MAHKEMESİ : Samsun Bölge Adliye Mahkemesi 5. Hukuk Dairesi
SAYISI : 2022/1246 E., 2022/1501 K.
DAVA TARİHİ :28.06.2019
KARAR :Davanın kabulü
İLK DERECE MAHKEMESİ :Ordu 2. Asliye Hukuk (Tüketici) Mahkemesi
SAYISI :2020/187 E., 2022/145 K.

Taraflar arasındaki tazminat davasından dolayı yapılan yargılama sonunda İlk Derece Mahkemesince davanın kabulüne karar verilmiştir.

Kararın davalılar vekili tarafından istinaf edilmesi üzerine, Bölge Adliye Mahkemesince başvurunun esastan reddine karar verilmiştir.

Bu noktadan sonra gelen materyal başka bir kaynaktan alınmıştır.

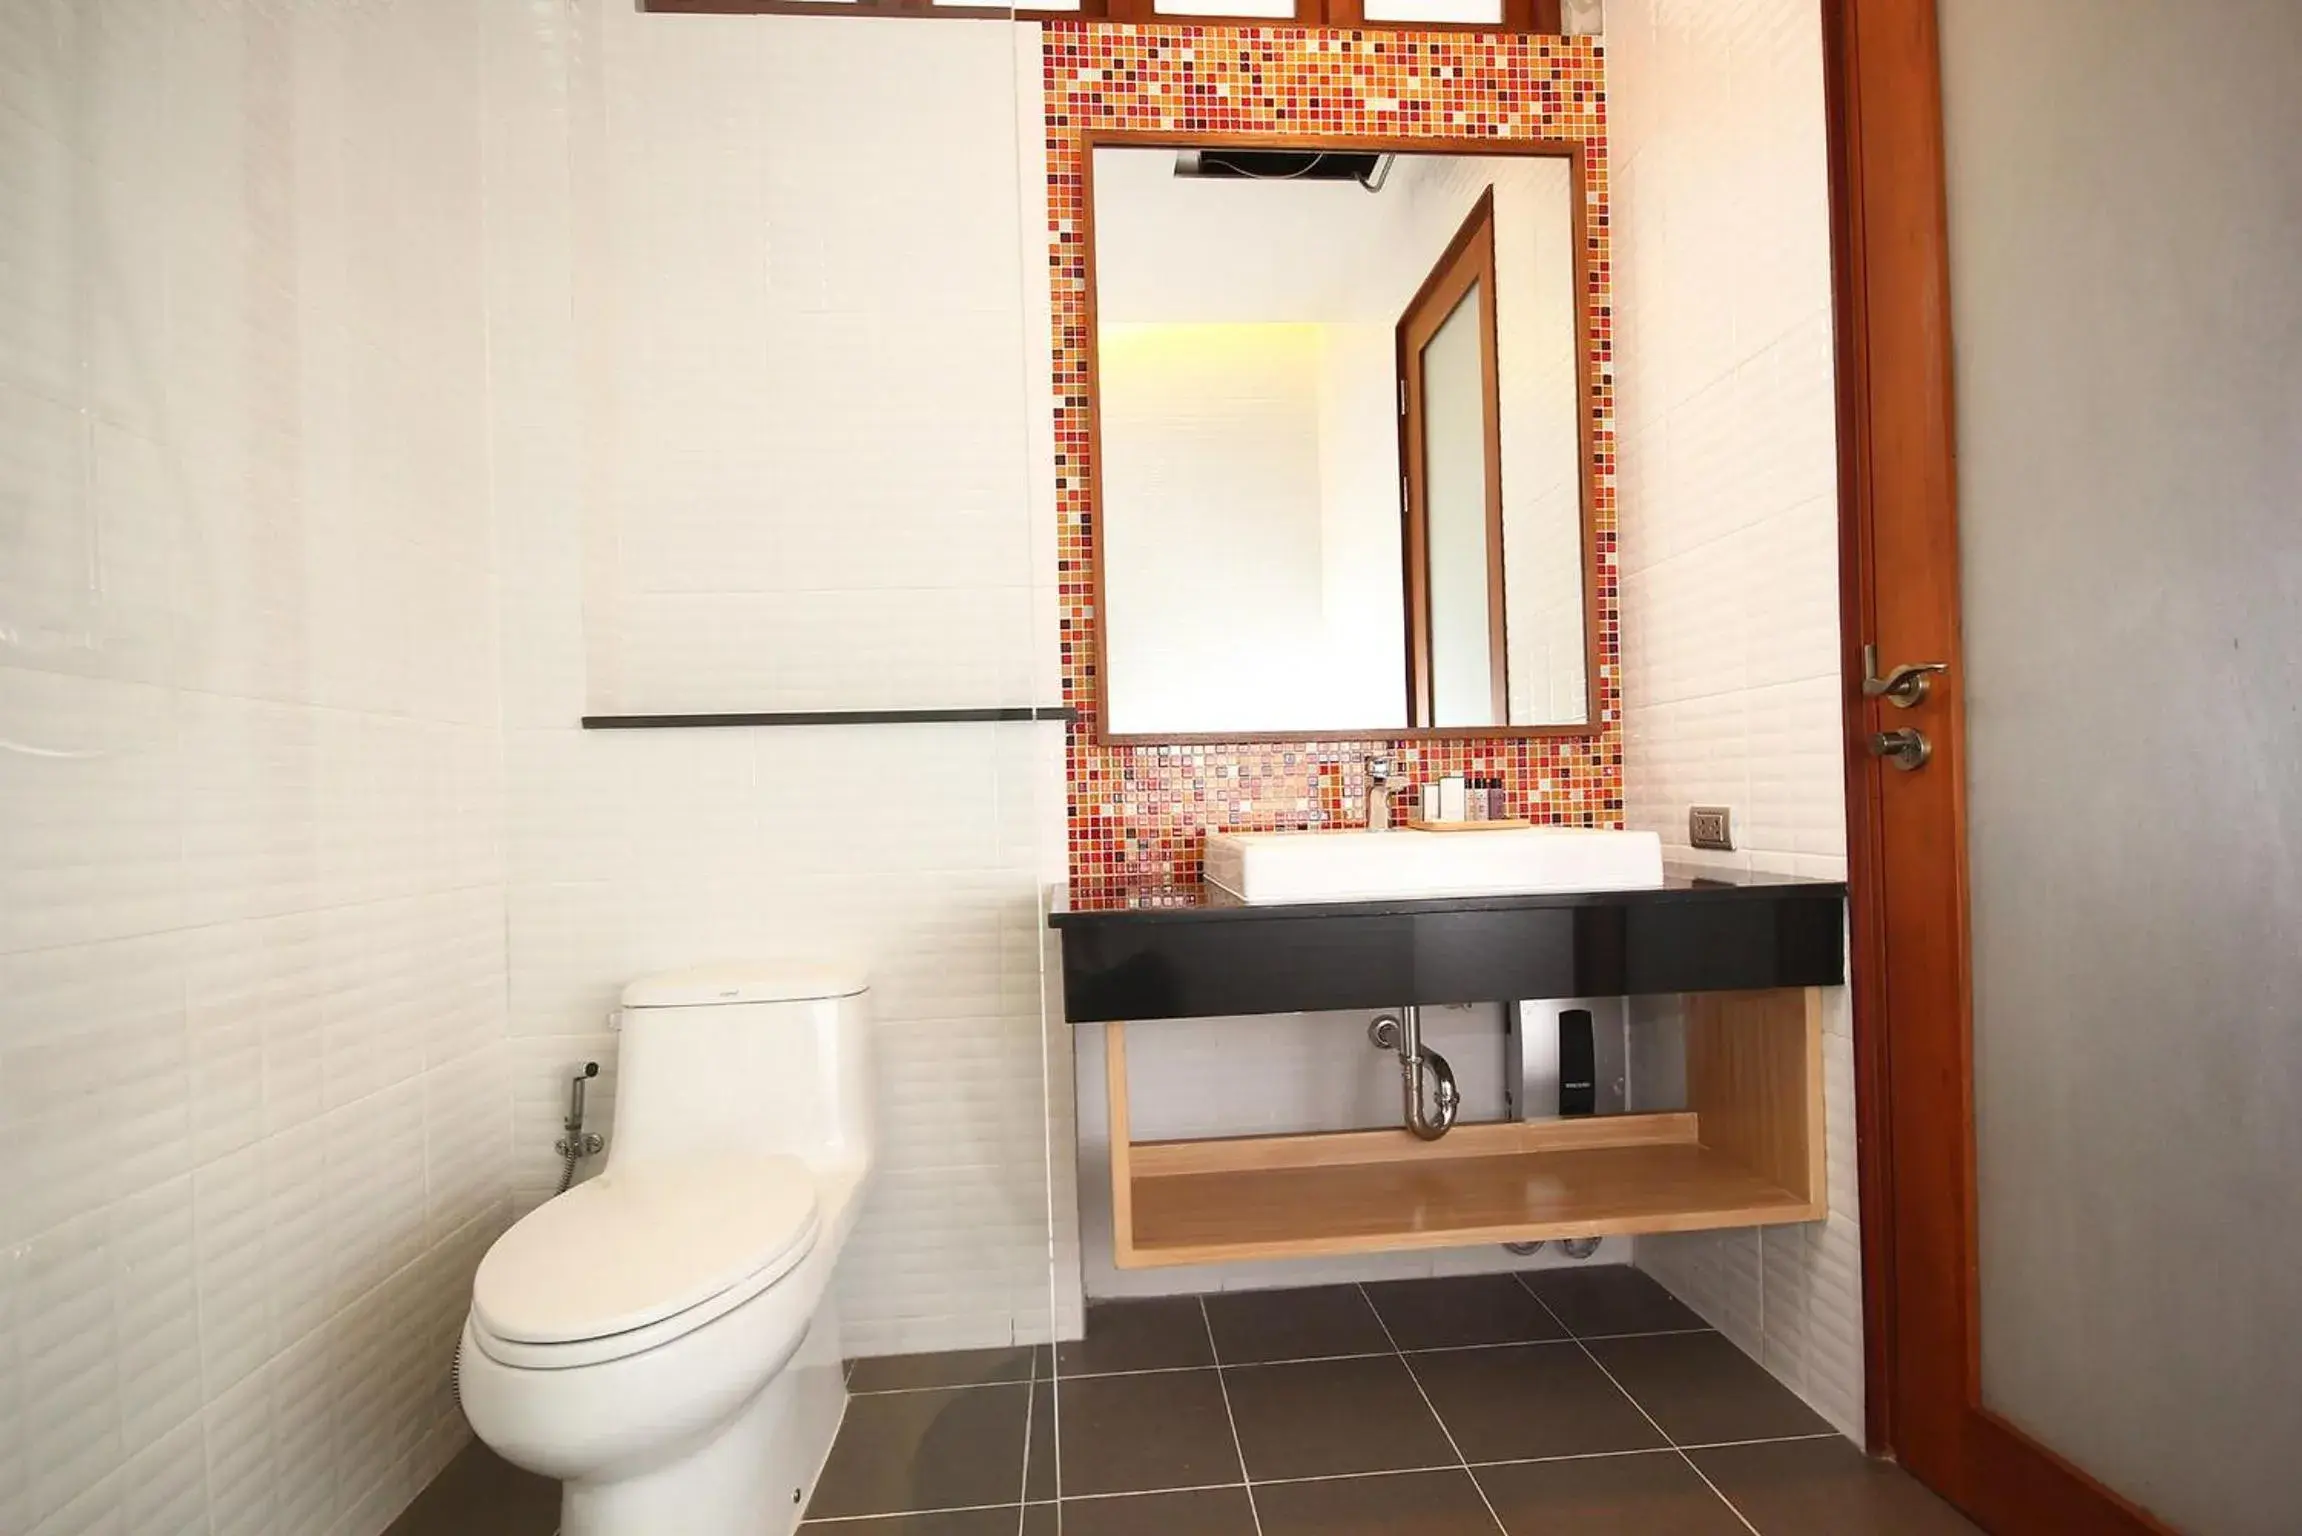 Toilet, Bathroom in Chu Hotel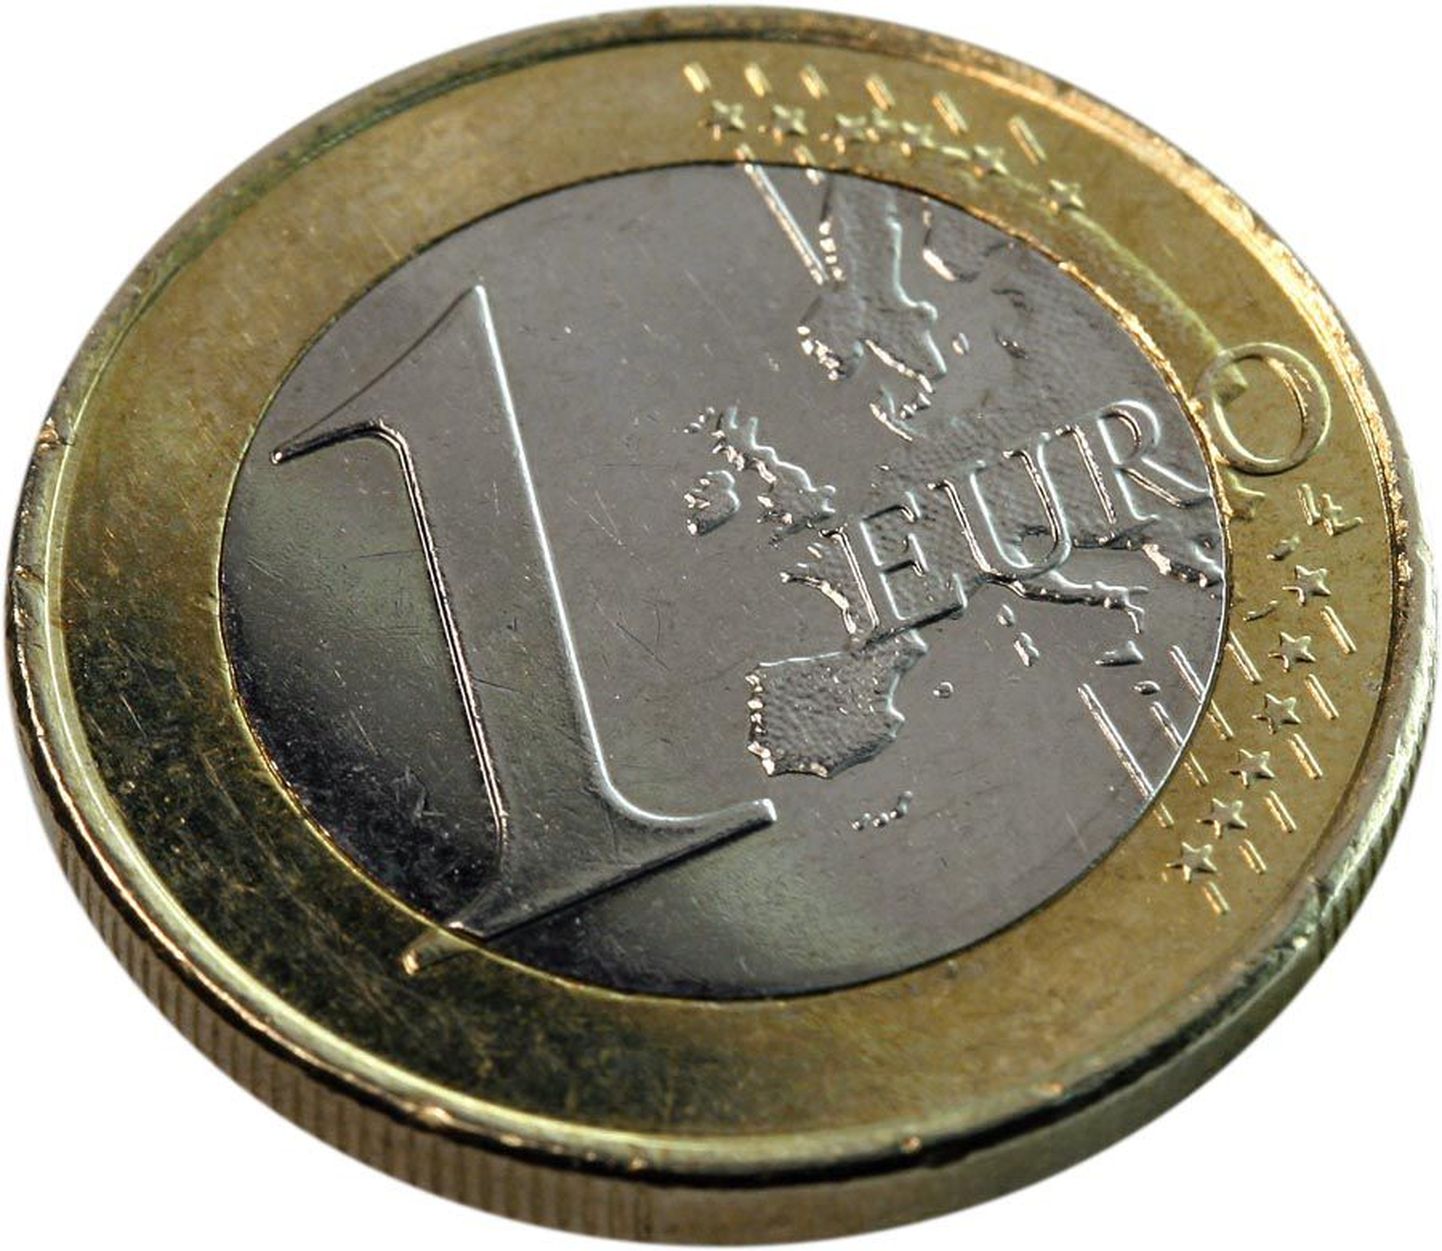 Eurose mündi nägemise järel hakkas enda tummaks väitnud mees rääkima ja lubas suurema rahatähe lahkelt lahti vahetada.

Bölge Adliye Mahkemesi kararı davalılar vekili tarafından temyiz edilmekle; kesinlik, süre, temyiz şartı ve diğer usul eksiklikleri yönünden yapılan ön inceleme sonucunda, temyiz dilekçesinin kabulüne karar verildikten ve Tetkik Hâkimi tarafından hazırlanan rapor dinlendikten sonra dosyadaki belgeler incelenip gereği düşünüldü:

I. DAVA
Davacı; davalılardan 18.07.2014 tarihli sözleşme ile site içerisinde daire satın aldığını, sitenin ve dairenin sözleşmedeki özellikleri taşımadığını, dairenin 18.01.2016 tarihinde teslim edilmesi gerekirken 28.07.2016 tarihinde teslim edildiğini, daire ile sitenin halen inşaat halinde olduğunu ve çatının kapatılması yönünden davalılar aleyhine 19.01.2016 tarihinde ihtarname keşide ettiğini, sitedeki ve dairedeki eksikliklerin ve ayıplı ifaların 15.02.2018 tarihinde tespitini yaptırdığını ileri sürerek, söz konusu sözleşmede belirtilen eksikliklerin ve ayıplı işlerin tespiti ile fiyatlandırılmasına ve taşınmazda meydana gelen değer kaybının dava tarihinden itibaren işleyecek yasal faizi ile davalılardan müştereken ve müteselsilen tahsiline, fazlaya ilişkin hakları saklı kalmak kaydıyla şimdilik 2.500 TL tazminatın tapudaki hissesi oranında faiziyle tahsilini istemiş, ıslah dilekçesi ile talebini artırmıştır.

II. CEVAP
Davalılar; davacının yaklaşık üç yıldır davaya konu sitede ikamet ettiğini, iki dönem site yöneticiliği yaptığını, davacının daireyi anahtar teslim olarak değil %80 bitmiş hali ile satın aldığını, satış sözleşmesi hükümleri gereğince yükümlülüklerini yerine getirdiklerini, sözleşmeden kaynaklı ayıp veya eksik işin olmadığını, davanın zamanaşımına uğradığını, delil tespiti dosyasından alınan bilirkişi raporunu kabul etmediklerini savunarak, davanın reddini istemişlerdir.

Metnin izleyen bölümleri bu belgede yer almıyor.